Ann Althouse said...

"Am I going to get fired now?"

If you were in a position of power in a business and you put this in the company email, they would probably have to fire you in order to protect themselves. You may say you were using hyperbole or some other literary device, but they'd be using the device of defending themselves from liability.

Anonymous said...

CE: What did he say?

The Times won't tell you but the Mirror will.

Some old sports fart trading lame sex jokes with his buds? Well, I never!

Amy said...

Work/life mantra going forward: Nothing is private. Nothing is private. No writing, no speech, no thought. Nothing.
Just keep repeating that and you'll be fine.

Miss freedom much?

JohnGalt said...

Remember, Europeans are more sophisticated about these things.

President-Mom-Jeans said...

Apparently Oprah and Magic Johnson are not interested in taking over this guys job.

grackle said...

It's always amusing when the "skirts" (pronounced "skoits") start talking sports.
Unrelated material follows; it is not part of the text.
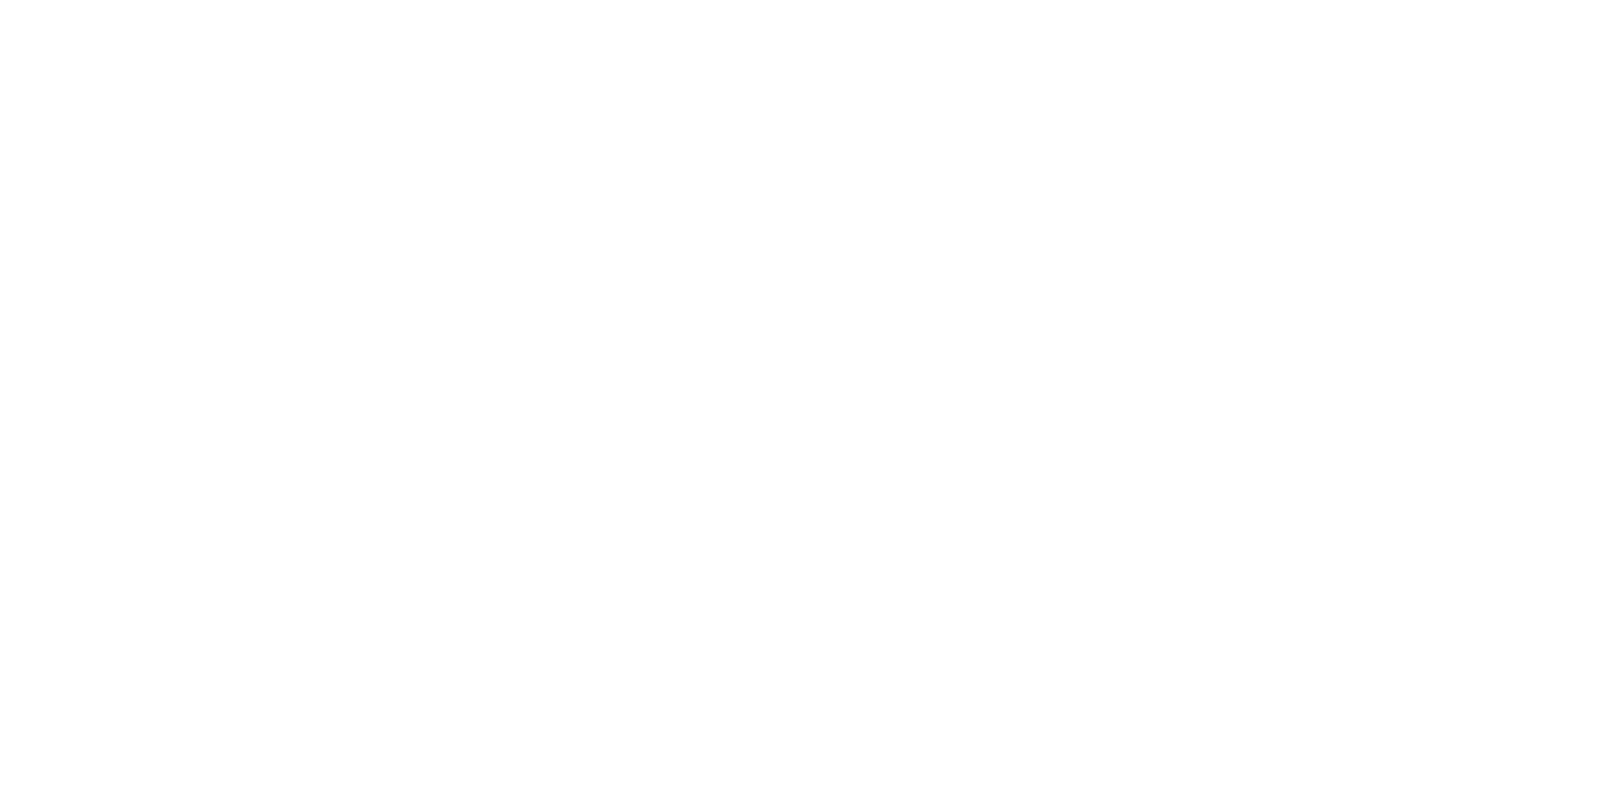 Helsana-Claim_weiss_DE

Related: Leo Gorcey. Girls, pronounced, "goils." Around 7:41 into the video. Also "heard," pronounced "hoid," at 10:19. Love those New York accents of yesteryear.

http://tinyurl.com/qcnpb2v

Jason said...

Oh, Christ. What do these bitches have sand all up in their vaginas about this time?
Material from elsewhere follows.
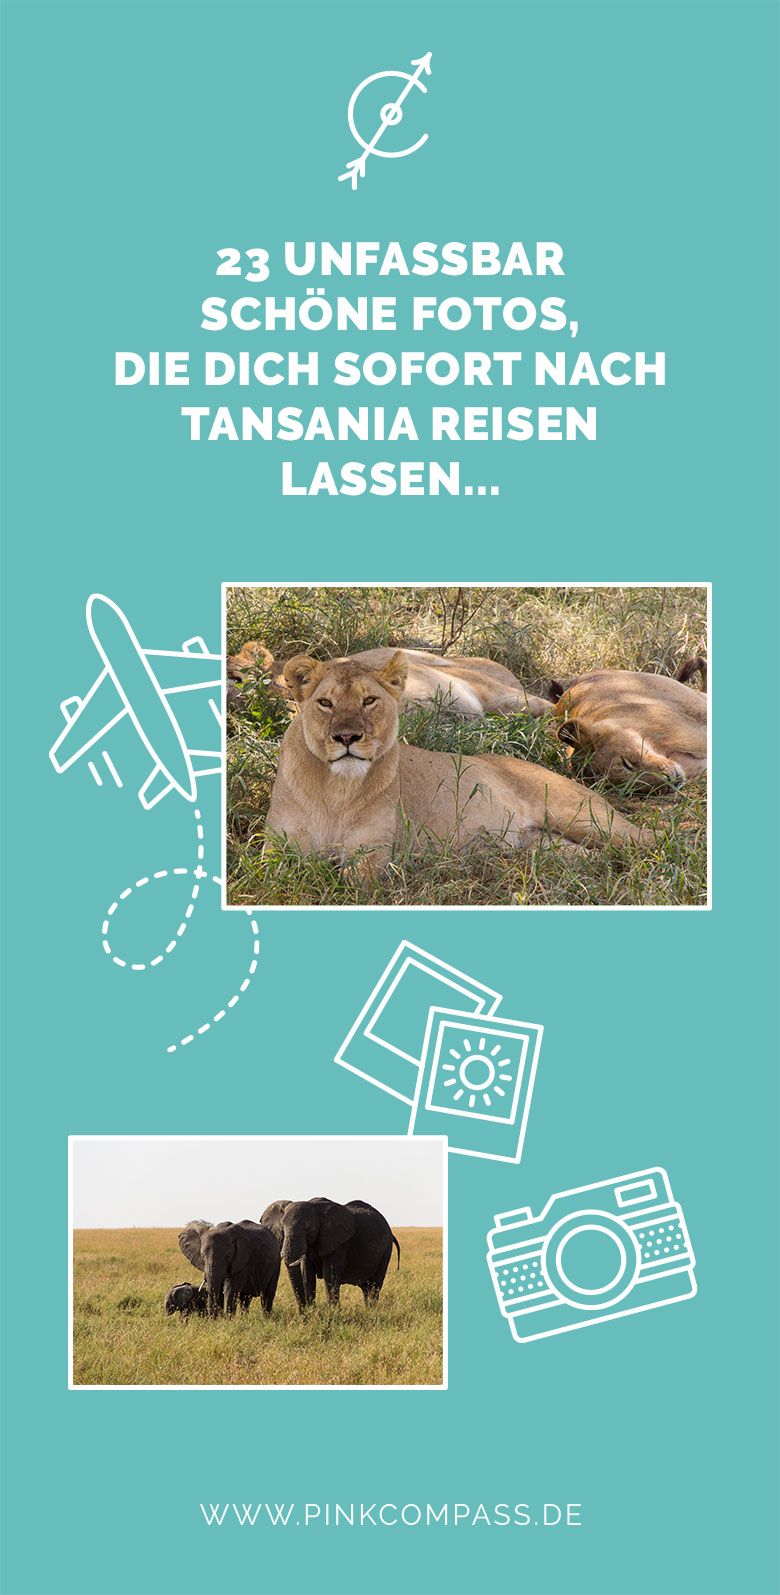 Pink Compass Tansania Safari Bilder

The victim parade has become tiresome. Let the mockery commence.

glenn said...

Hmmm ... 54 .... Sounds like another case of WBS to me.

Wacky Boomer Syndrome

readering said...

I heard about this because one of the men (did I need to write that?) he exchanged with is a prominent sports law partner at a multinational law firm. The repercussions for the lawyer may be greater, since law firms are more sensitive than football clubs about this sort of thing.

Steve said...

In 1999 the premier league earned ~70M Pounds from TV rights. In 2014 it will earn over 1.4B pounds. No way does the Premier League cut this guy loose.

So he's a guy and should have remembered that his secretary got copies of his messages. I am just wondering why the secretary has come out with this information. I know there is a pay day in there for her somewhere.